-------- INFORMATION PROVIDED
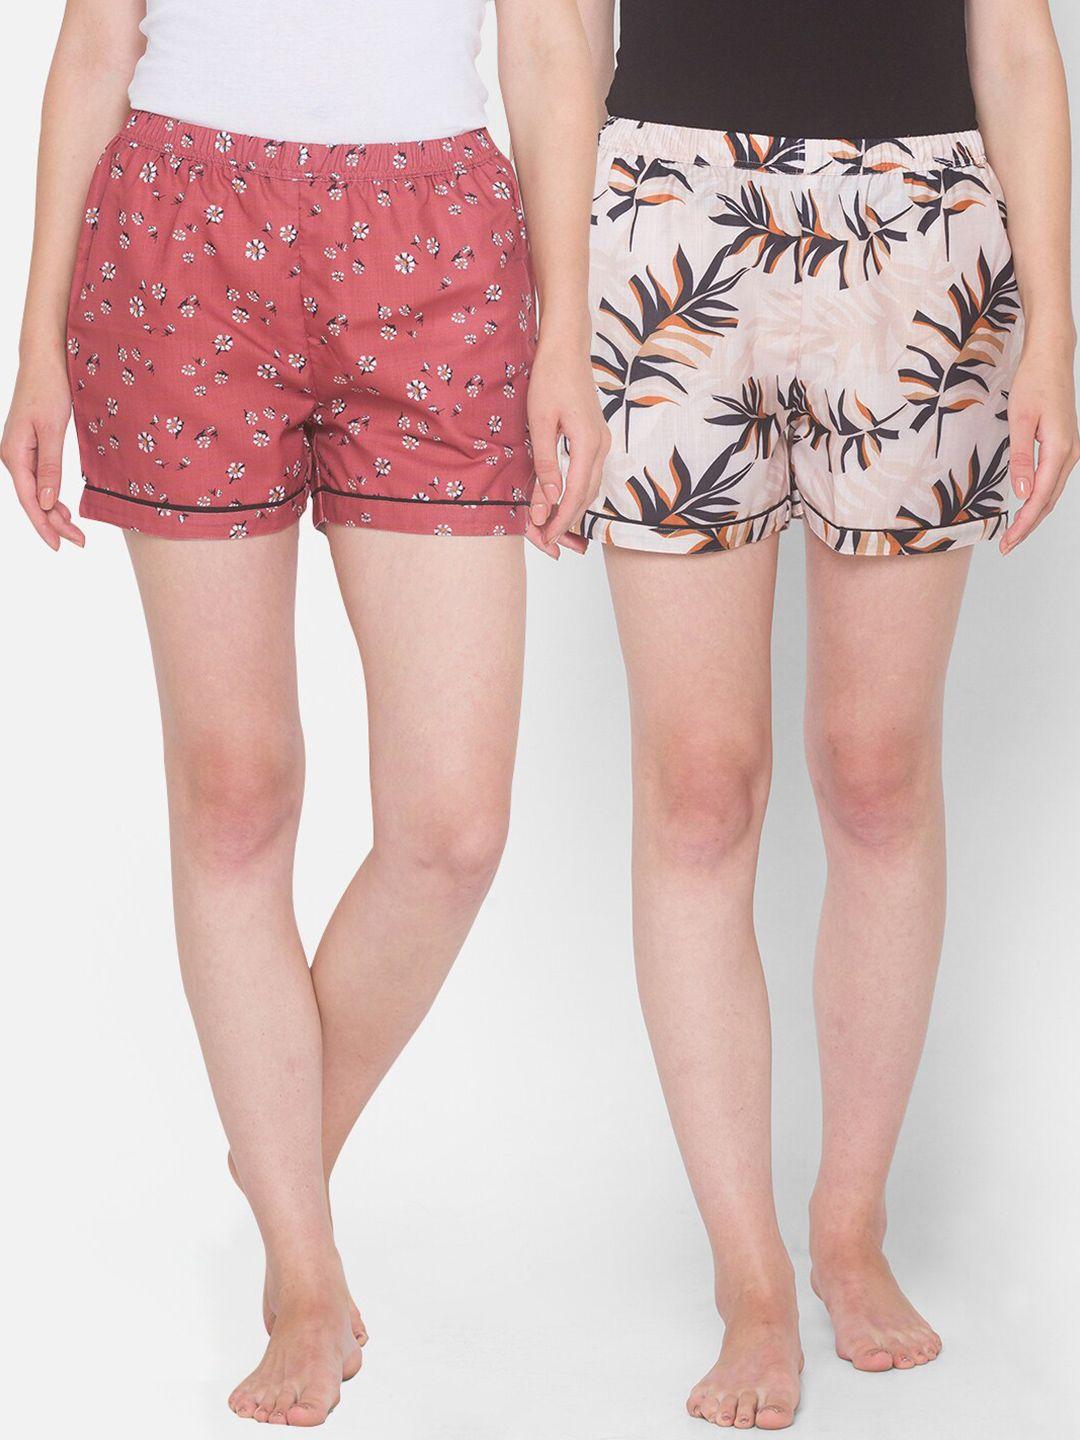 fashionrack-women-pack-of-2-mauve-&-off-white-printed-lounge-shorts
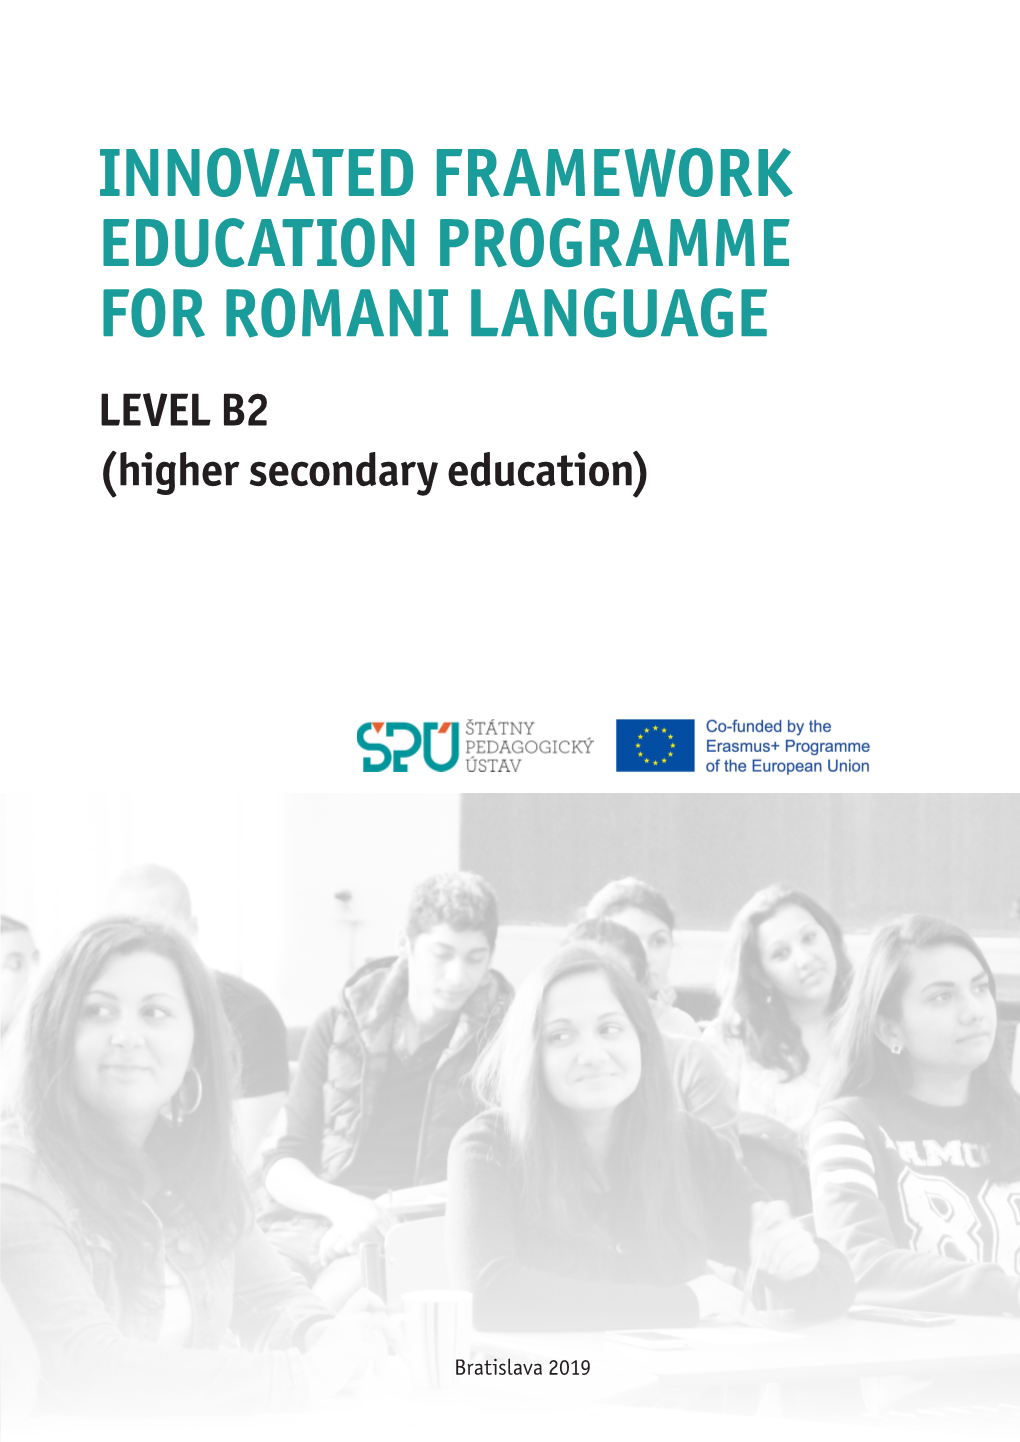 INNOVATED FRAMEWORK EDUCATION PROGRAMME for ROMANI LANGUAGE LEVEL B2 (Higher Secondary Education)
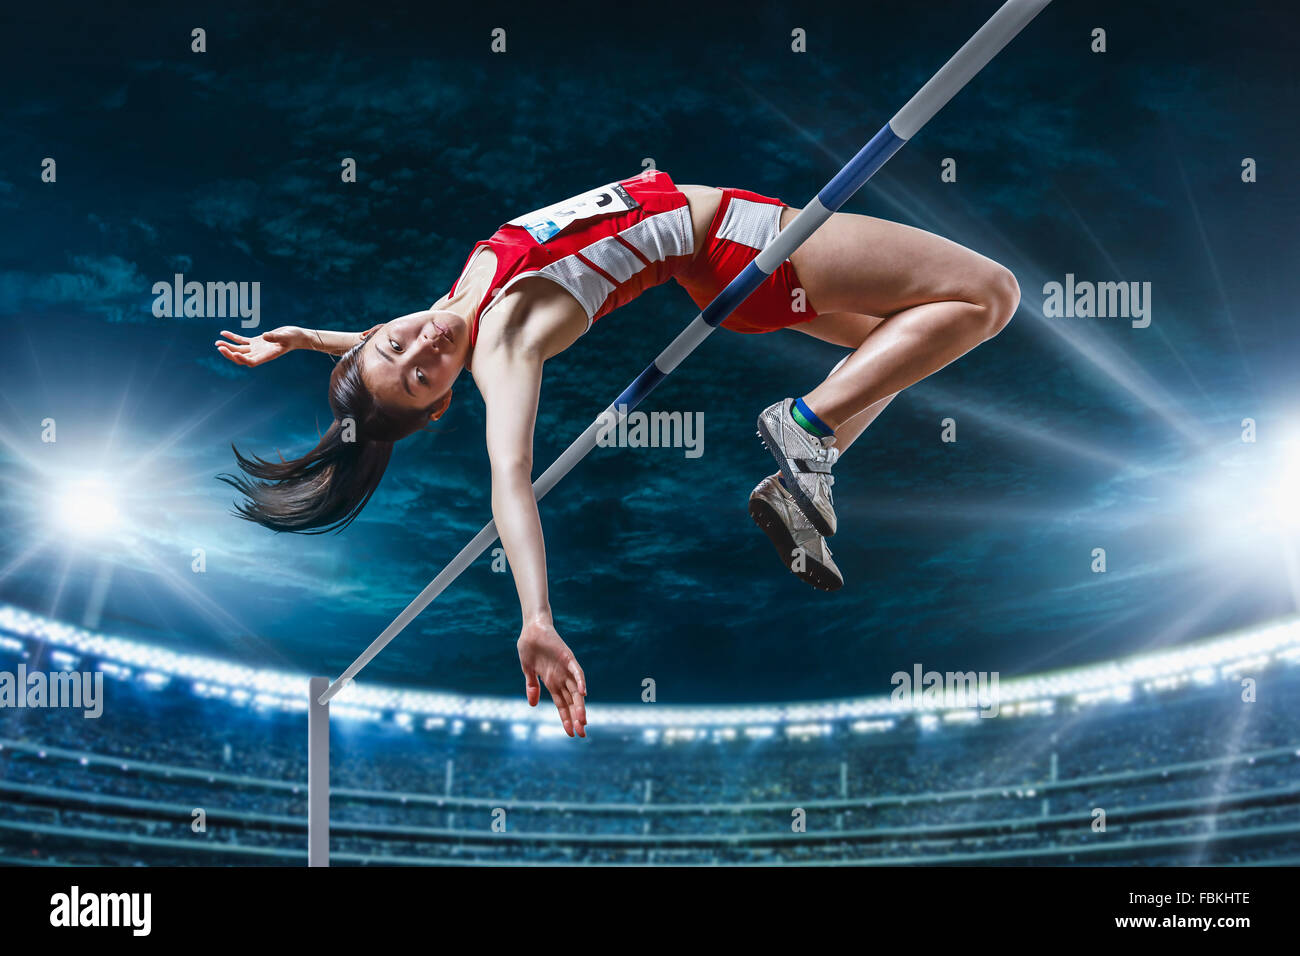 Japanese female high jump athlete jumping Stock Photo
----------------
• WORK ORDER
Each line of the data needs to be output exactly, with any image excluded.

• YOUR SOLUTION
 fashionrack-women-pack-of-2-mauve-&-off-white-printed-lounge-shorts
 INNOVATED FRAMEWORK EDUCATION PROGRAMME for ROMANI LANGUAGE LEVEL B2 (Higher Secondary Education)
 Japanese female high jump athlete jumping Stock Photo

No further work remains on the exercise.